WORK ITEM
For the records below, output every line from the one holding "taotao 49cc scooter" through the final line, unaltered, and no other lines.

TASK MATERIAL

····················

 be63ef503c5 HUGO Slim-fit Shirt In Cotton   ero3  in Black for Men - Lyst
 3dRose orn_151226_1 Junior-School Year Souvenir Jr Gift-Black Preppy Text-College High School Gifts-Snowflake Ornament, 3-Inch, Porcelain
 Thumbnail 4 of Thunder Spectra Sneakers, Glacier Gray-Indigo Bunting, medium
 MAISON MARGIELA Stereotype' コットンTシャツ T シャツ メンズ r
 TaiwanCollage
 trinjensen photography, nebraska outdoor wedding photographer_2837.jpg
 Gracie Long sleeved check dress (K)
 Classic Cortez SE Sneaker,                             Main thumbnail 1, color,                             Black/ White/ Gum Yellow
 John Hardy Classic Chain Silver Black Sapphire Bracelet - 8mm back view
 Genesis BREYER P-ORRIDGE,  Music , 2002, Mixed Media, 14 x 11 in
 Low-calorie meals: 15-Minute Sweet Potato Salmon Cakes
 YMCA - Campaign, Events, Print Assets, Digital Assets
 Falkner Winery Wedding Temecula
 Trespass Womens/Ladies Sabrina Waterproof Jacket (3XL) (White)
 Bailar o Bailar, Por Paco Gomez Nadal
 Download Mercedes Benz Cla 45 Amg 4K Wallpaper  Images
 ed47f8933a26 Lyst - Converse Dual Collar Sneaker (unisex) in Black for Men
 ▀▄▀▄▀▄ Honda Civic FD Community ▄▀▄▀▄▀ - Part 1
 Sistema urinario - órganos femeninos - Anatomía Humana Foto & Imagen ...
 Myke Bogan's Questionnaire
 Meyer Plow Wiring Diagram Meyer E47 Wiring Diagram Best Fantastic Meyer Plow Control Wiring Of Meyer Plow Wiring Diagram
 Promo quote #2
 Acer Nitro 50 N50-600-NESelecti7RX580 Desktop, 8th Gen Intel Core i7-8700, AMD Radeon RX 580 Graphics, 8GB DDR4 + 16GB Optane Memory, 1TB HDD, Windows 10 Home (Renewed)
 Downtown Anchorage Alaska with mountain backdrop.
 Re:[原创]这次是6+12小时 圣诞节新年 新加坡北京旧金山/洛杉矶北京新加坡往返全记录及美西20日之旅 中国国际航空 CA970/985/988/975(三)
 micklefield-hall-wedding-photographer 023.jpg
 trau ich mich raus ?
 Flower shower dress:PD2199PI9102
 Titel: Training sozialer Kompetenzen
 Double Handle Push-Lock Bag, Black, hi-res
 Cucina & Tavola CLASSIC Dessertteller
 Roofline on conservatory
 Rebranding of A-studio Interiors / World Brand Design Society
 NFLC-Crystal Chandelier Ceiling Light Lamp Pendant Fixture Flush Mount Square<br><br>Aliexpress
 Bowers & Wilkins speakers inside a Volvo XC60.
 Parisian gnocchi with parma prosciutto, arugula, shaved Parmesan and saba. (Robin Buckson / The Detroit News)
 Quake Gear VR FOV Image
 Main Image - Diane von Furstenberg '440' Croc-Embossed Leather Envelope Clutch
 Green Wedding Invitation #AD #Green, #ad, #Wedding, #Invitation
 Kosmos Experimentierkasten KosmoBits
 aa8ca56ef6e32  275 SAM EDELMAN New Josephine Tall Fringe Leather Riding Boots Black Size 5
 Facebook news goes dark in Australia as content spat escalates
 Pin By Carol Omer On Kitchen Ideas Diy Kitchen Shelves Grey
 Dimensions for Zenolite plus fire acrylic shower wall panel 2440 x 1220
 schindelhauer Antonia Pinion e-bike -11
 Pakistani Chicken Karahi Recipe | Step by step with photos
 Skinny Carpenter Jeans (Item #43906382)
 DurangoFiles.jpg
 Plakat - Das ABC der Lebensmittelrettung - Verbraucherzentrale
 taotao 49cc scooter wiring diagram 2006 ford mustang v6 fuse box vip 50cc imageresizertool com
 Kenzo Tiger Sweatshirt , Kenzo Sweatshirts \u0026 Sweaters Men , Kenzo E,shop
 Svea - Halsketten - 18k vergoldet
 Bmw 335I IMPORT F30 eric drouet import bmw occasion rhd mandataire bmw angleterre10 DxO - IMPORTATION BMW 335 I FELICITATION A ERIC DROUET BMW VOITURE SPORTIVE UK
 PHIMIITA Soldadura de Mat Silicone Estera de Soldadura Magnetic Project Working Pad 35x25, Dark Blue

····················

ANSWER TO THE PROBLEM
 taotao 49cc scooter wiring diagram 2006 ford mustang v6 fuse box vip 50cc imageresizertool com
 Kenzo Tiger Sweatshirt , Kenzo Sweatshirts \u0026 Sweaters Men , Kenzo E,shop
 Svea - Halsketten - 18k vergoldet
 Bmw 335I IMPORT F30 eric drouet import bmw occasion rhd mandataire bmw angleterre10 DxO - IMPORTATION BMW 335 I FELICITATION A ERIC DROUET BMW VOITURE SPORTIVE UK
 PHIMIITA Soldadura de Mat Silicone Estera de Soldadura Magnetic Project Working Pad 35x25, Dark Blue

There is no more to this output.